Cascadeur, de son vrai nom Alexandre Longo, est l’étoile montante messine de la scène musicale française. Son dernier album, Ghost Surfer, a été récompensé d’une Victoire de la musique en février dernier. Cette année, l’artiste est devenu ambassadeur de Metz Métropole. Pour Webullition, il est revenu sur son parcours.

Votre musique est à la fois électronique, acoustique et lyrique. Comment en êtes-vous venu à composer cet étrange mélange ?
Je pense que c’est le fruit d’un parcours : j’ai débuté avec la musique classique, puis j’ai voulu jouer des trucs que j’écoutais, donc je me suis rapproché d’une sorte de pop. Adolescent, j’ai commencé à jouer avec des copains et je me suis rendu compte que j’étais démuni parce que j’avais appris de façon traditionnelle, j’avais besoin de la partition. J’ai dû ré-apprendre la musique avec le fait de jouer à plusieurs. Ça m’a bouleversé, et peu à peu j’ai traversé d’autres styles musicaux : j’ai fait pas mal de jazz, j’ai écouté de plus en plus de musiques différentes, je suis revenu à des choses comme le trip hop… C’est le résultat d’un itinéraire de sources multiples.

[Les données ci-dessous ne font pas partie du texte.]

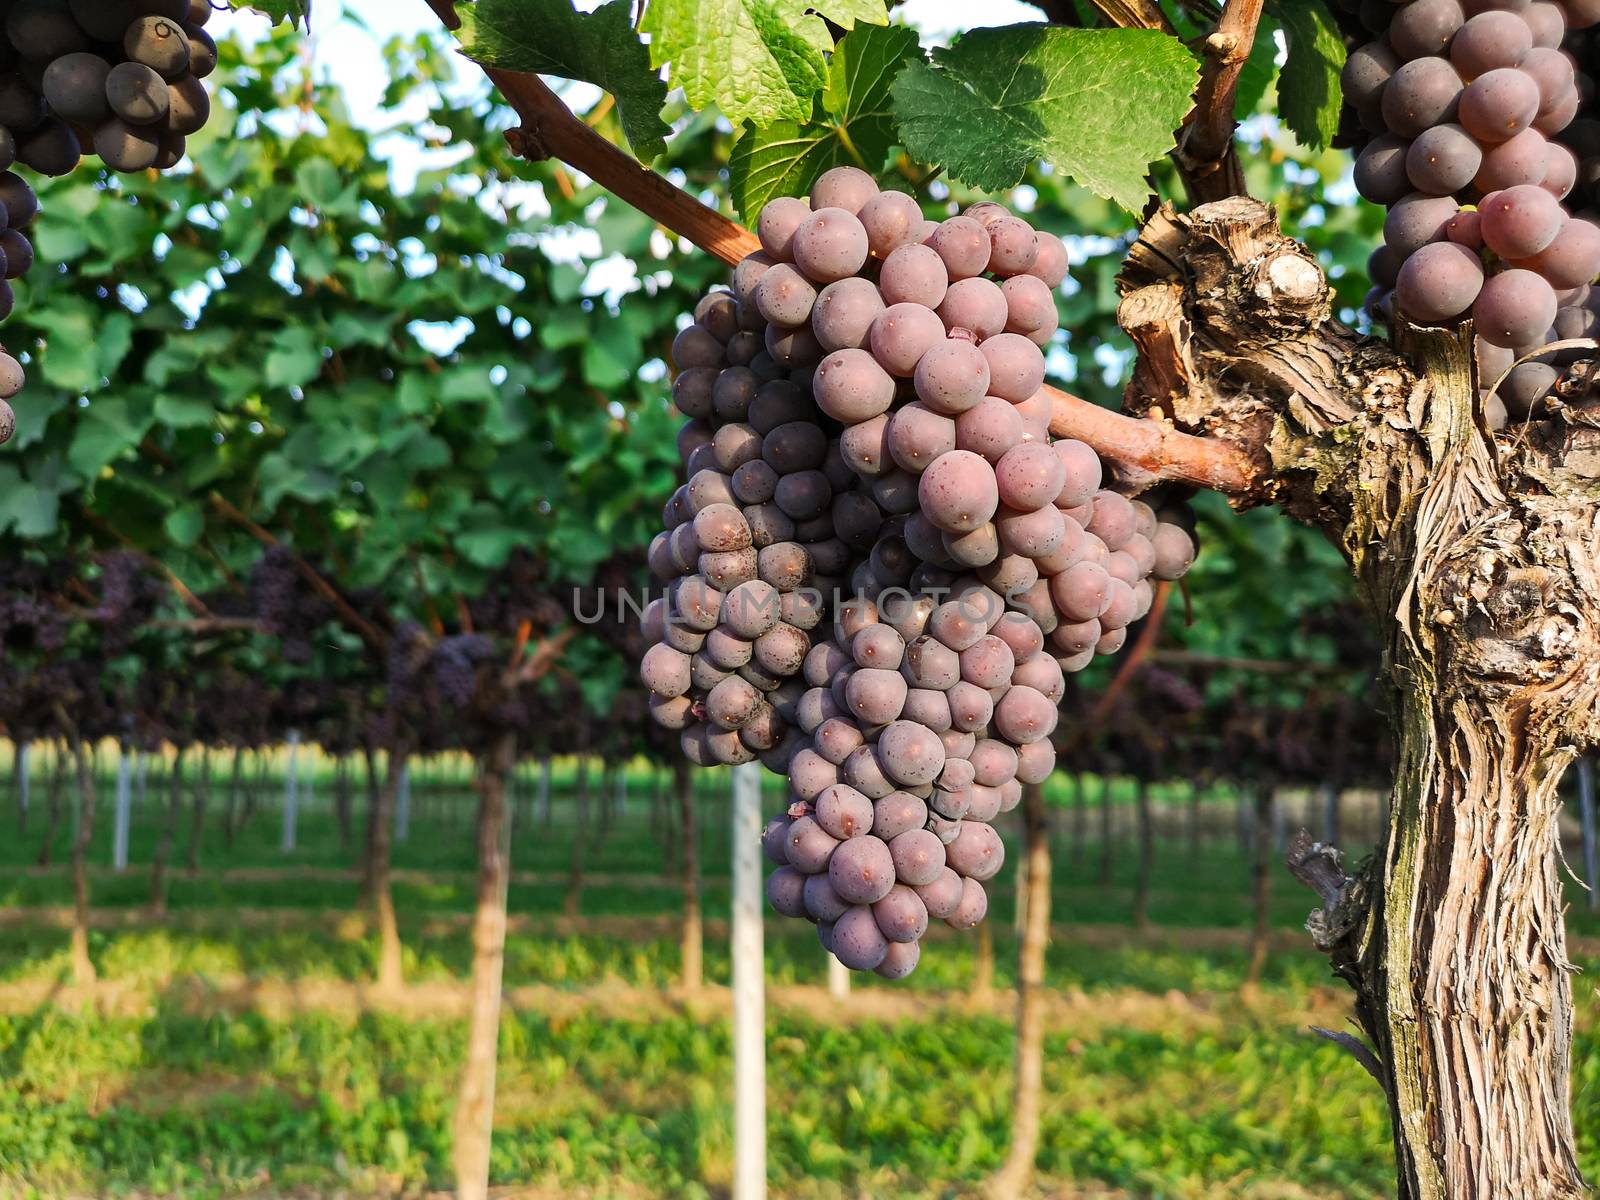 Bunches of ripe purple red grapes hanging on vineyards of grape trees, fresh fruits

On vous classe dans différentes catégories : pop-rock, électronique, trip hop… Comment définissez-vous le genre de vos morceaux ?
Mauvais genre ! (rires) Ce que j’aime bien, c’est l’idée cinématographique. J’ai l’impression que la musique de film est un espace ouvert : on peut s’attendre à tout. Ce qui m’intéresse, c’est de traverser différents types de langage, de ne pas rester enfermé dans une sorte d’étiquette qu’on pourrait plaquer sur ce que je fais. J’ai cette envie de transiter et de voyager à travers les styles.

On trouve sur votre dernier album du piano, des percussions, des cordes, des chœurs, des sons synthétiques… Quel est votre instrument favori, celui qui vous fait le plus vibrer ?
Le cor me touche beaucoup. C’est un instrument que j’ai utilisé notamment sur le deuxième album. Il y a quelque chose de velouté dans le jeu, je trouve qu’on est assez proche de la voix humaine dans la tessiture. Autrement, j’aime bien les cordes : le piano, forcément, parce que j’y ai été initié. J’aime essayer de trouver des instruments étonnants et pouvoir sortir d’un langage assez codifié en musique avec des instruments « nobles » et d’autres qui sont moins valorisés. Ce que je cherche, c’est mêler un très beau piano à queue avec, pourquoi pas, une dictée magique.

Vous êtes pianiste et chanteur. Une autre corde à ajouter à votre arc musical ?
Des cordes cassées de la guitare… (rires) Au départ, je suis exclusivement pianiste. Après, par la force des choses, j’ai essayé d’apprendre un peu la guitare, notamment sur le dernier album où j’ai composé les morceaux à la guitare… Mais je ne suis pas du tout guitariste. Ça m’intéressait d’être très maladroit, d’avoir un son pourri, ça me permettait de sortir de ce que je peux connaître.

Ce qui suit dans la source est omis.